For the purposes of troubleshooting, distinguishing between feed back
and hum is important. Feedback is a resonance problem, where any
particular output frequency loops back into the early amplification
stage, exhibiting runaway gain. Hum is a ground path anomaly, or even
an outright capacitor failure where AC leaks into the signal path.
Feedback is untamed and wild, where as hum is a dull, steady state
buzz.

Time, temperature, and malfunction are common bedfellows.

Absolutely first, I would suspect the splitter, and then the cables
(ground loop). Swap it/them out, for known good connections. If the
problem persists, go back to the old pre-amp and run the good cables
(with out the splitter), to the subs line-in input.
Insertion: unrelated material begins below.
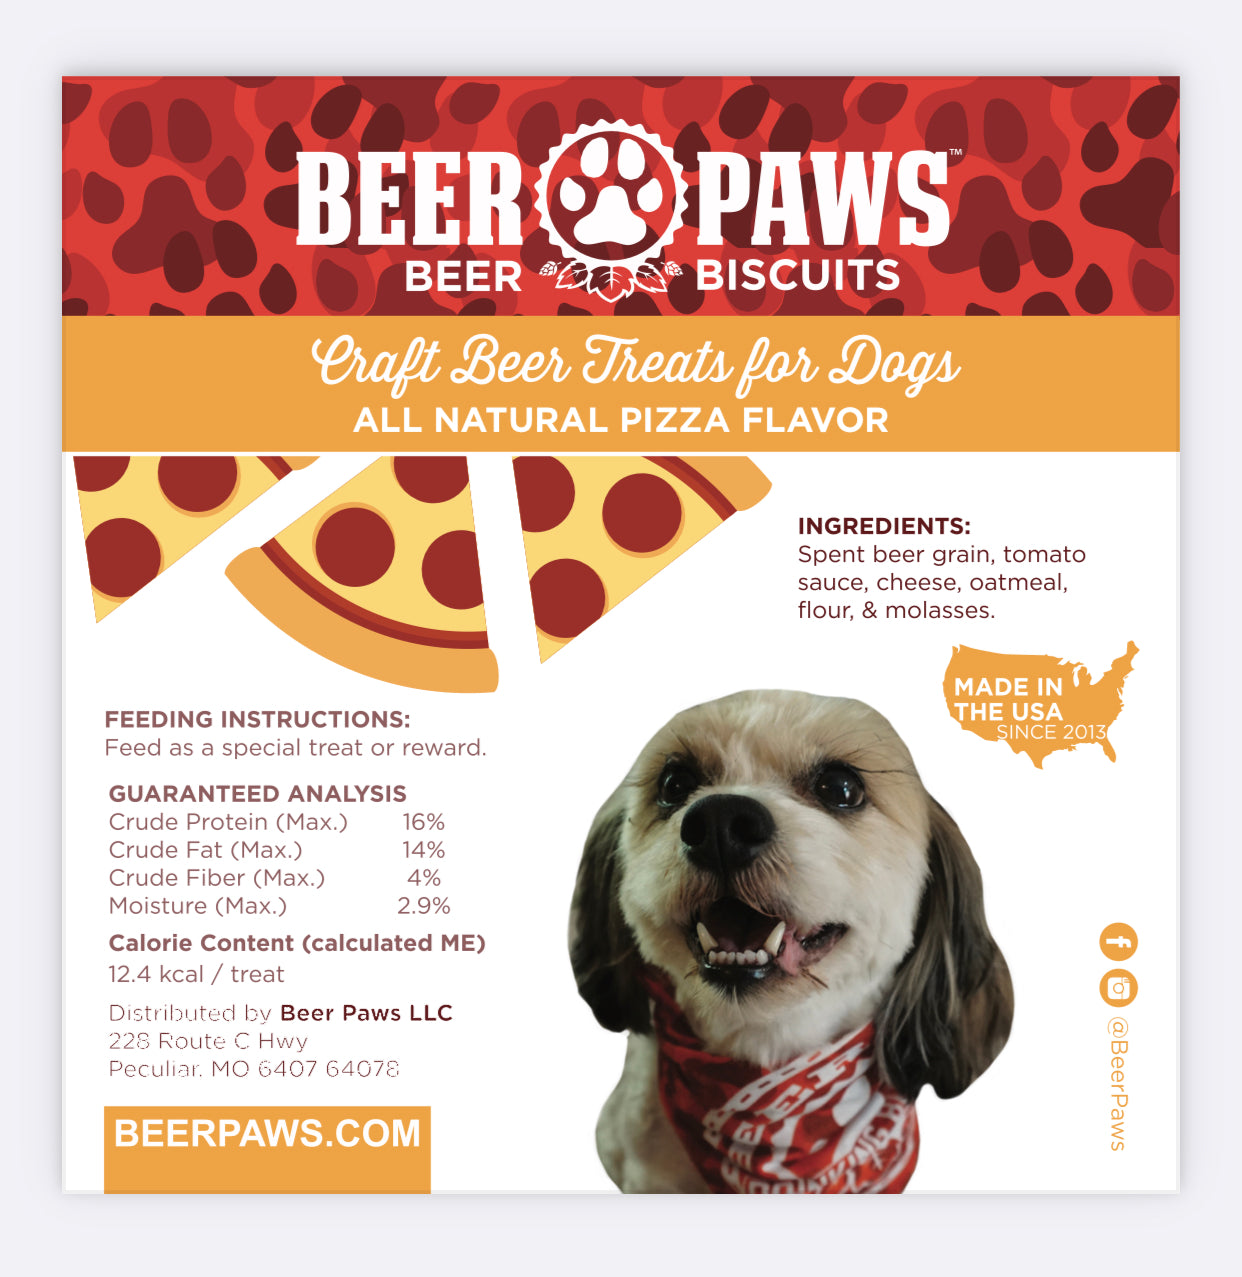 Beer Paws Pizza Beer Biscuits for Dogs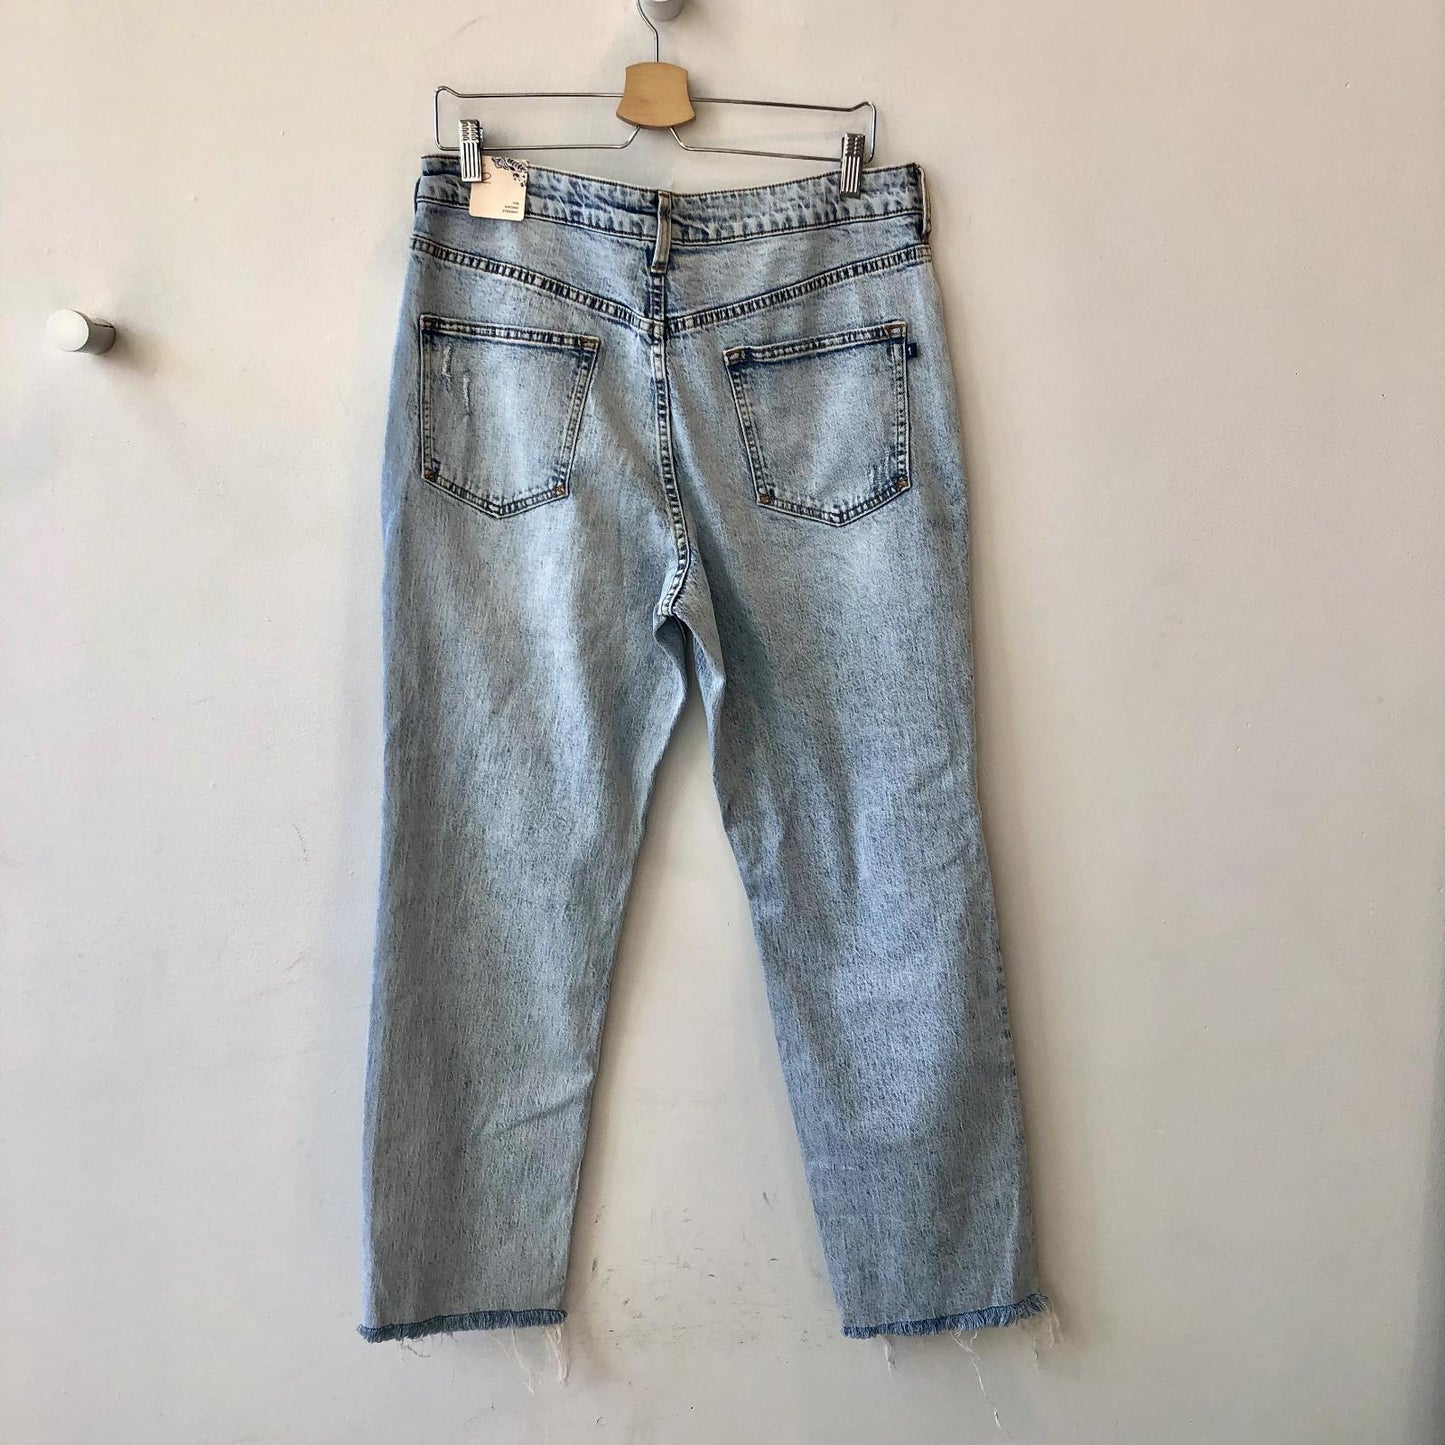 32 - Pilcro Anthropologie NEW $160 Distressed Vintage Straight Leg Jeans 0131AW

Let it go for same
amount of time to rule out thermal failure/overtime in the sub system.
If all is good, than the splitter or mono-out jack or circuit of the the HT
receiver is suspect.

Always address the little stuff first. Ask yourself, what is different in
the signal/power path now than before. Regress to a state where
things still work, or determine that each component systems functions
independently.

Something could be heating up over time, and causing a hum or
feedback. If you could find a way to download a 50/60 HZ tone, you
would better understand what AC hum sounds like, to confirm or deny
what's actually happening on your system

What bothers me is how you ran the sub in the beginning. Sending the
low output to a high level input would require maximum sub gain, to
be heard. Running flat out is tough on the amp (If indeed you did).